Arsenic trioxide (As 2O 3) is a well-known and effective treatment that can result in clinical remission for patients diagnosed with acute promyelocytic leukemia (APL). The biologic efficacy of As 2O 3 in APL and solid tumor cells has been explained through its actions on anti-proliferation, anti-angiogenesis, and apoptotic signaling pathways. We theorize that As 2O 3 activates a pathway that disrupts microtubule dynamics forming abnormal, nonfunctioning mitotic spindles, thus preventing cellular division. In this study, we investigated how As 2O 3 induces apoptosis by causing microtubule dysfunction.

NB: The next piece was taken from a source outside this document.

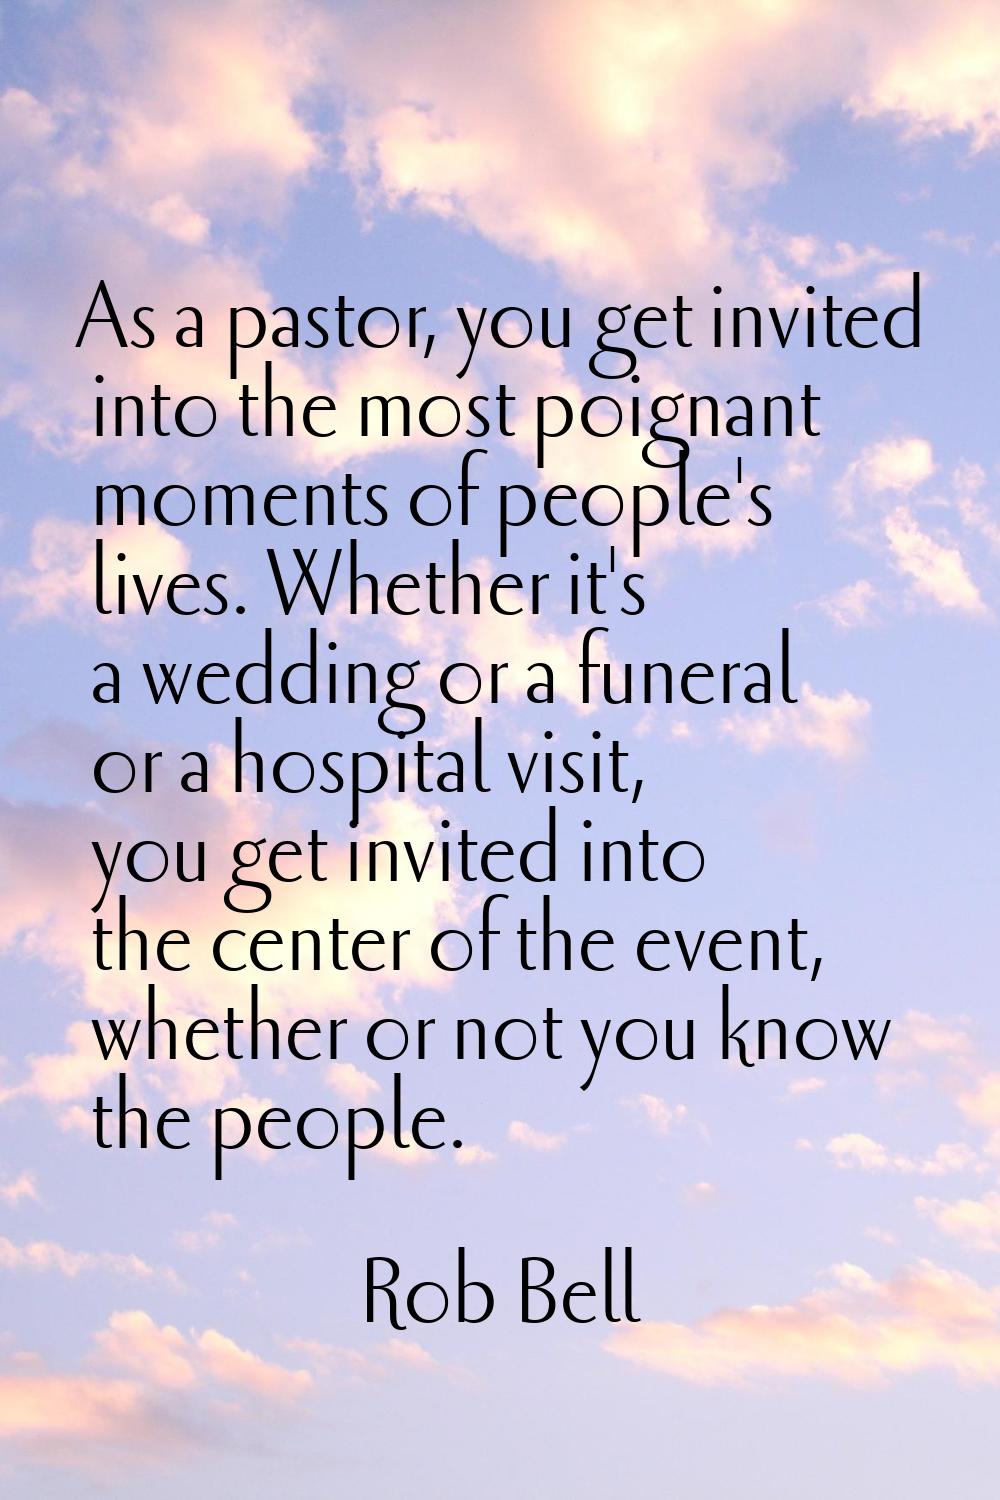 As a pastor, you get invited into the most poignant moments of people's lives. Whether it's a weddi
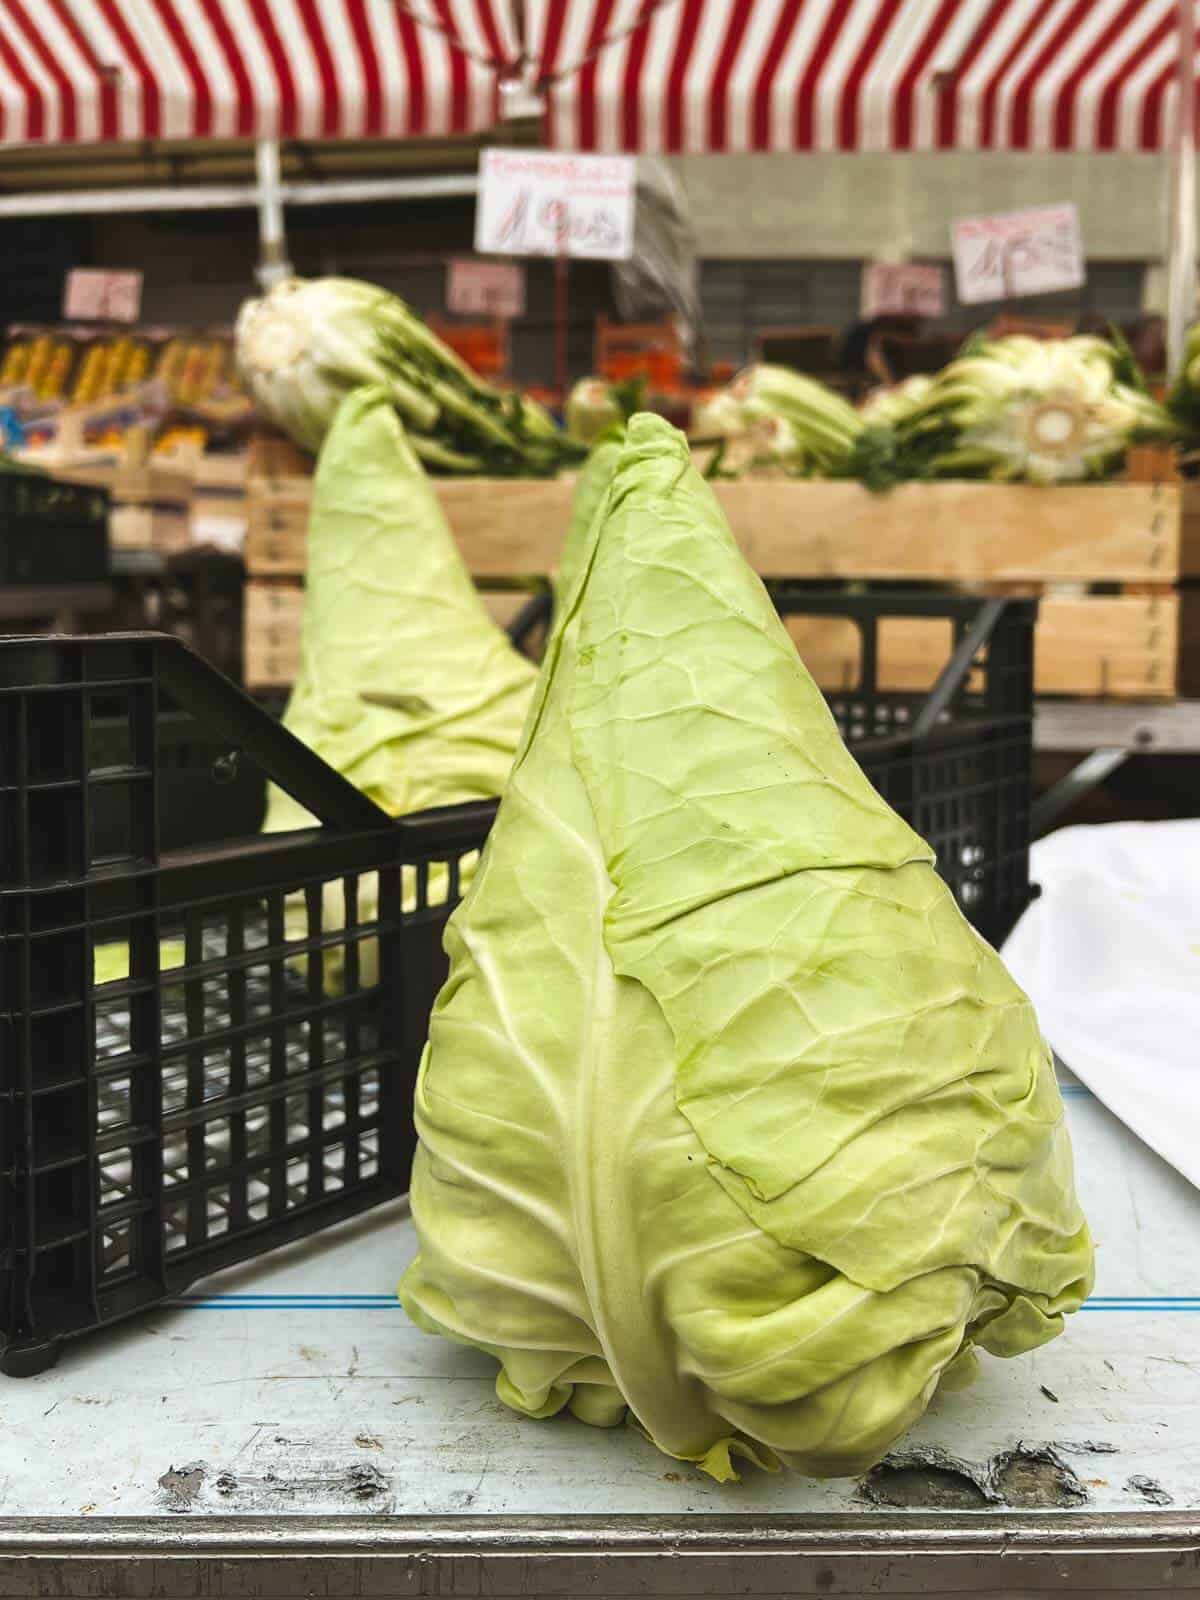 cone shaped cabbage in farmers market

Cultured NB4 cells were treated with As 2O 3, paclitaxel, and vincristine. Flow cytometric analysis was then performed. An MTT assay was used to determine drug-mediated cytotoxicity. For tubulin polymerization assay, each polymerized or soluble tubulin was measured. Microtubule assembly-disassembly was measured using a tubulin polymerization kit. Cellular microtubules were also observed with fluorescence microscopy.
As 2O 3 treatment disrupted tubulin assembly resulting in dysfunctional microtubules that cause death in APL cells. As 2O 3 markedly enhanced the amount of depolymerized microtubules. The number of microtubule posttranslational modifications on an individual tubulin decreased with As 2O 3 concentration. Immunocytochemistry revealed changes in the cellular microtubule network and formation of polymerized microtubules in As 2O 3-treated cells.